The non-interchangeable component of the Allowable
Sale Quantity, attributable to Key Watersheds, is 1.3
million cubic feet. Identification of this component was
required by the SEIS Record of Decision, pages E-19 and
E-20.
Management Actions/Direction
- Prior to further resource management activity,
including timber harvest in Key Watersheds,
prepare watershed analyses. Until watershed
analyses can be completed, proceed with minor
activities, such as those categorically excluded
under the National Environmental Policy Act
regulations (except timber harvest), if they are
consistent with Aquatic Conservation Strategy
objectives. Apply Riparian Reserve management
actions/direction.
- Reduce existing road mileage within Key
Watersheds. If funding is insufficient to
implement reductions, neither construct nor
authorize through discretionary permits a net
increase in road mileage in Key Watersheds.
- Give highest priority to watershed restoration in
Key Watersheds.
See Watershed Analysis
section (toward the end of this chapter), and Use of the Plan section.
Watershed restoration will be an integral part of a
program to aid recovery of fish habitat, riparian
habitat, and water quality. The most important components
of a watershed restoration program are control and
prevention of road related runoff and sediment
production, restoration of the condition of riparian
vegetation, and restoration of in-stream habitat
complexity. Other restoration opportunities include
meadow and wetland restoration and mine reclamation.

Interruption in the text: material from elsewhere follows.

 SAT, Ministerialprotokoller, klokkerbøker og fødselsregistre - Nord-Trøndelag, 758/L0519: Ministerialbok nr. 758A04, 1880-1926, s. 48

Management Actions/Direction
- Prepare watershed analyses and plans prior to
restoration activities. See Use
of the Plan (watershed analysis discussion)
section.
- Focus watershed restoration on removing some
roads and, where needed, upgrading those that
remain in the system.
- Apply silvicultural treatments to restore large
conifers in Riparian Reserves.
- Restore stream channel complexity. In-stream
structures will only be used in the short term
and not as a mitigation measure.
Additional information about the Aquatic Conservation
Strategy is found in Attachment A of the SEIS ROD.